# Green wants tax breaks for legal immigrants



## CJIS (Mar 12, 2005)

*Green wants tax breaks for legal immigrants*

*GOP candidate would restrict access to services, college for illegals*

*BY SCOTT BAUER*

*Associated Press*

*CLEAR DIFFERENCES*
*OTHER OBJECTIVES*

MADISON - U.S. Rep. Mark Green wants to welcome legal immigrants with tax breaks, while sending a message that people who come here illegally are not wanted by making it harder for them to get state services and go to college.

The Republican candidate for governor unveiled the plan Tuesday in Milwaukee and took the opportunity to outline differences he has on immigration policy with his opponent Democratic Gov. Jim Doyle.

Green said Doyle's policies send a "terrible signal" that Wisconsin is friendly to illegal immigrants.

The number of illegal immigrants in the state is increasing. There were about 8,000 in 1996, which increased to 41,000 in 2003, according to the federal Immigration and Naturalization Service. By last year there were 85,000, according to the Federation for 
American Immigration Reform.

Immigration has become a bigger issue in the governor's race in the past week, with both candidates releasing television ads attacking the other on the topic.
There are clear differences in their positions.

Green does not support Doyle's 2005 proposal to allow illegal immigrants who graduate from state high schools to pay in-state tuition at public colleges and universities. The GOP-controlled Legislature stripped the idea from Doyle's budget.

Green also said he would have signed a bill requiring identification before people can get state services such as food stamps and welfare. Doyle vetoed it in May.
The measure had been widely attacked by groups who said it would block benefits for 
U.S. citizens who don't have birth certificates or other documents.

Illegal immigrants are not eligible now for government benefits, but the bill's supporters said they were coming to Wisconsin because it was easy to get around state restrictions.
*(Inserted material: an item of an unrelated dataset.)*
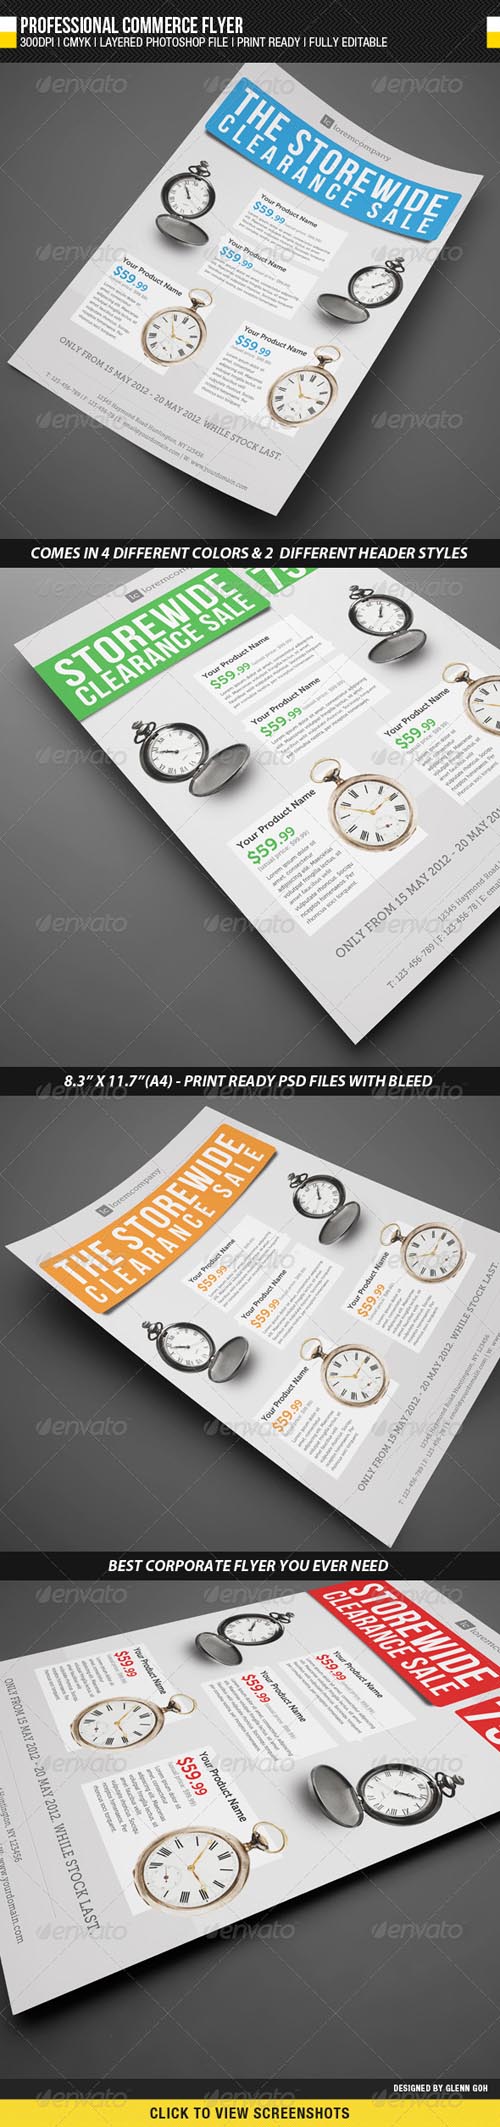 GraphicRiver - Professional Commerce Flyer

Those who lobbied against the measure included the Wisconsin Catholic Conference, Planned Parenthood, the Wisconsin Council of Churches, the Wisconsin Council on Children and Families, and the Wisconsin Association of Health Plans, which represents 18 major health plans in Wisconsin.

Green has accused Doyle of wanting to give welfare benefits to illegal immigrants, but Doyle said that is a lie. In his veto message, Doyle said he did not believe illegal immigrants should receive public services.

Green said Tuesday he had no idea how many illegal immigrants are receiving the benefits.

Green's plan wasn't all about fighting illegal immigration.

He also proposed a $300 income tax credit to cover the cost of English classes and expenses immigrants incur during the citizenship process. The credit, capped at $3 million annually, would be available only to people earning less than $30,000 a year.

That part of the plan would require legislative approval.
Green, a child of first-generation U.S. residents, said he believes immigrants who come to the country legally "help rejuvenate our economy and our culture." Giving them a tax break, no matter the amount, shows that the state supports them, he said.

Doyle's campaign spokes-man Anson Kaye dismissed Green's plan as election-year rhetoric.

"Congressman Green had eight years in Congress to help secure our borders, but he failed over and over again," Kaye said. "Now, like any typical Washington politician, he's blaming everyone but himself for the problem he failed to solve."
Green said he also wants to:

• Prohibit local ordinances that bar government employees from asking a person's immigration status. Dane County has such a policy.

• Require the Department of Corrections to notify federal officials if anyone charged with a felony or drunken driving is not a legal resident.

• Prohibit illegal immigrants charged with a felony from being released on bail.

• Require businesses receiving state contracts or grants to verify the lawful employment of their new employees.

What the hell? I should get a tax break to then because I am a Legal Citizen.


----------